● **About this exercise**
When you reach the line containing "Long cold couloir" in the data below, begin returning lines exactly as written, and stop once the line containing "diy wedding decor, diy" has been returned.

Start of Block

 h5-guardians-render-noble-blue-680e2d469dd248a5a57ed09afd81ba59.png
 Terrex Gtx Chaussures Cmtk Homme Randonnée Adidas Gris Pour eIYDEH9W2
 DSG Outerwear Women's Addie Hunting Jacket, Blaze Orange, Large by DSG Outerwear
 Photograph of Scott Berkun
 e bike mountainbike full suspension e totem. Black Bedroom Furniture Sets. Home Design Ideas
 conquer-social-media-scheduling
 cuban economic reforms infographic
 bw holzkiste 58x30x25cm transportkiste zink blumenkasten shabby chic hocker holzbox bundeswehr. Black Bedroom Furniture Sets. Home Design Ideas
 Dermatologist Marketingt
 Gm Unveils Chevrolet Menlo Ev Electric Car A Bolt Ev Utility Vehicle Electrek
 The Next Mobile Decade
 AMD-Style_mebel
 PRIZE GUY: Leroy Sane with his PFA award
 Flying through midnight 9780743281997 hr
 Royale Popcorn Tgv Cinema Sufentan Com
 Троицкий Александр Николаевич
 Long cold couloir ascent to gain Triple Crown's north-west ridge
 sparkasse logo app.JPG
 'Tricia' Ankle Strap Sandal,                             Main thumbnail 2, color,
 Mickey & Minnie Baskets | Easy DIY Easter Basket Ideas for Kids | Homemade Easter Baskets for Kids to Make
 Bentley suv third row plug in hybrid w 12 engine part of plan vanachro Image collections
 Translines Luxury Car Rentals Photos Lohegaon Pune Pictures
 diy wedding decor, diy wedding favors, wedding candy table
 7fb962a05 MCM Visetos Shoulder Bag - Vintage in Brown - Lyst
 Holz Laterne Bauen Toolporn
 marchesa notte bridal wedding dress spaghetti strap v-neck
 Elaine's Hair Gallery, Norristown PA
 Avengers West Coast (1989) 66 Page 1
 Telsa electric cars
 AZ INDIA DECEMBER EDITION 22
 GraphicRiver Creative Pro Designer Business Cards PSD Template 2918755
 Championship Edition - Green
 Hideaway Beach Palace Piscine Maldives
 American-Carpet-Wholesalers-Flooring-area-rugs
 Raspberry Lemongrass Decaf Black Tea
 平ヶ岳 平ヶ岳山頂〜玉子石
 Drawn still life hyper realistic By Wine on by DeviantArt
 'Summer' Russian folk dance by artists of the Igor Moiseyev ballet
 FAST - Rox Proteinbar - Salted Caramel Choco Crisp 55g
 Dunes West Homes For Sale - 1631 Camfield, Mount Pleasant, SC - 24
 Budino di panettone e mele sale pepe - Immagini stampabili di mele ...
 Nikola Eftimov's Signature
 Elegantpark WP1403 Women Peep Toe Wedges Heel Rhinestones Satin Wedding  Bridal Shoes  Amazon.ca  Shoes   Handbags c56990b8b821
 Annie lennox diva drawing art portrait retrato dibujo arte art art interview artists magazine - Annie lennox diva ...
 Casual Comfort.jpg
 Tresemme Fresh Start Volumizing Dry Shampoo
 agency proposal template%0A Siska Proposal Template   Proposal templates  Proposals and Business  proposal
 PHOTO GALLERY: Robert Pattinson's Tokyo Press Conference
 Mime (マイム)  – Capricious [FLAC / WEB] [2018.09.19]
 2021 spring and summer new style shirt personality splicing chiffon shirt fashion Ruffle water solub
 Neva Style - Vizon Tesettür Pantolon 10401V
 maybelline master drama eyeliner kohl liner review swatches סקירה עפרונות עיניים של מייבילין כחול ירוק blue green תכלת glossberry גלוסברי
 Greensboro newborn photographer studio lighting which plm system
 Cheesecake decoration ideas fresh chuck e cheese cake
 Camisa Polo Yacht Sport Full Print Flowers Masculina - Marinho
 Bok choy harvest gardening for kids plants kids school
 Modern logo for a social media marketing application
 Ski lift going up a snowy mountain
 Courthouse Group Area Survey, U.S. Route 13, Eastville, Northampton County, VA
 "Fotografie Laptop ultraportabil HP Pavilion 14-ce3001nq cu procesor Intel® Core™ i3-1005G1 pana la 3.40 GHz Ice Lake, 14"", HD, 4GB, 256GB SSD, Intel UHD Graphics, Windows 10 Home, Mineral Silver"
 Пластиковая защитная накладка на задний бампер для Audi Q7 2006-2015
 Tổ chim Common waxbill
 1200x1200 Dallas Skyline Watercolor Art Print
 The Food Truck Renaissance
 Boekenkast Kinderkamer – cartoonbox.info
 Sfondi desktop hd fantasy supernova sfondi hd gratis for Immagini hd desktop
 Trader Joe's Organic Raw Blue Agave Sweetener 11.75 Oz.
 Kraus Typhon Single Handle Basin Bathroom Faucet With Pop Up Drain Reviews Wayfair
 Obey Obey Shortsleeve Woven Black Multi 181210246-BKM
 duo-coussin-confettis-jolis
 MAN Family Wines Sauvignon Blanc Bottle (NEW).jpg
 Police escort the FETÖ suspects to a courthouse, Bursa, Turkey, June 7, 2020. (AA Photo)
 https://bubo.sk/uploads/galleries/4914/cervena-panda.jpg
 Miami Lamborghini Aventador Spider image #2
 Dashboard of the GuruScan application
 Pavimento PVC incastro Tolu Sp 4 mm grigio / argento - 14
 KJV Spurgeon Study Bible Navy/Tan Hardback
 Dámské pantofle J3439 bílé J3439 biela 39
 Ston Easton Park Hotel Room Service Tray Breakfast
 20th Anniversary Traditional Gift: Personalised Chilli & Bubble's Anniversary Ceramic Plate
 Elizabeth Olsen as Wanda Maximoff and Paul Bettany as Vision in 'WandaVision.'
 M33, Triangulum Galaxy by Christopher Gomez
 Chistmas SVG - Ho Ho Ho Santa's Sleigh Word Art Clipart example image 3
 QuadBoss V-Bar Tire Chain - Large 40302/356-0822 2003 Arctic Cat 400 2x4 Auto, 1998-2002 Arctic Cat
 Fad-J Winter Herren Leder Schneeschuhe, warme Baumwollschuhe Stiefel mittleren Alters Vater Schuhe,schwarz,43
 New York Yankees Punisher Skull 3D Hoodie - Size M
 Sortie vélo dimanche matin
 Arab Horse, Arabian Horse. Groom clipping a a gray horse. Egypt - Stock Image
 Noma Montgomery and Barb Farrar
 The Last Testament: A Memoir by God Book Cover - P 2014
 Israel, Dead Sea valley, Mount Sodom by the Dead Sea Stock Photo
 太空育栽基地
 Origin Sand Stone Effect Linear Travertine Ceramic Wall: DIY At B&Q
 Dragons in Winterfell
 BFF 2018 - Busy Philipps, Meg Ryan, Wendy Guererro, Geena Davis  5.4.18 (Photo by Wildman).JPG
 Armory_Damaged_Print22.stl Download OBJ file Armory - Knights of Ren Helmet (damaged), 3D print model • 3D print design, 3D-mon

End of Block

● **Response to the task**
 Long cold couloir ascent to gain Triple Crown's north-west ridge
 sparkasse logo app.JPG
 'Tricia' Ankle Strap Sandal,                             Main thumbnail 2, color,
 Mickey & Minnie Baskets | Easy DIY Easter Basket Ideas for Kids | Homemade Easter Baskets for Kids to Make
 Bentley suv third row plug in hybrid w 12 engine part of plan vanachro Image collections
 Translines Luxury Car Rentals Photos Lohegaon Pune Pictures
 diy wedding decor, diy wedding favors, wedding candy table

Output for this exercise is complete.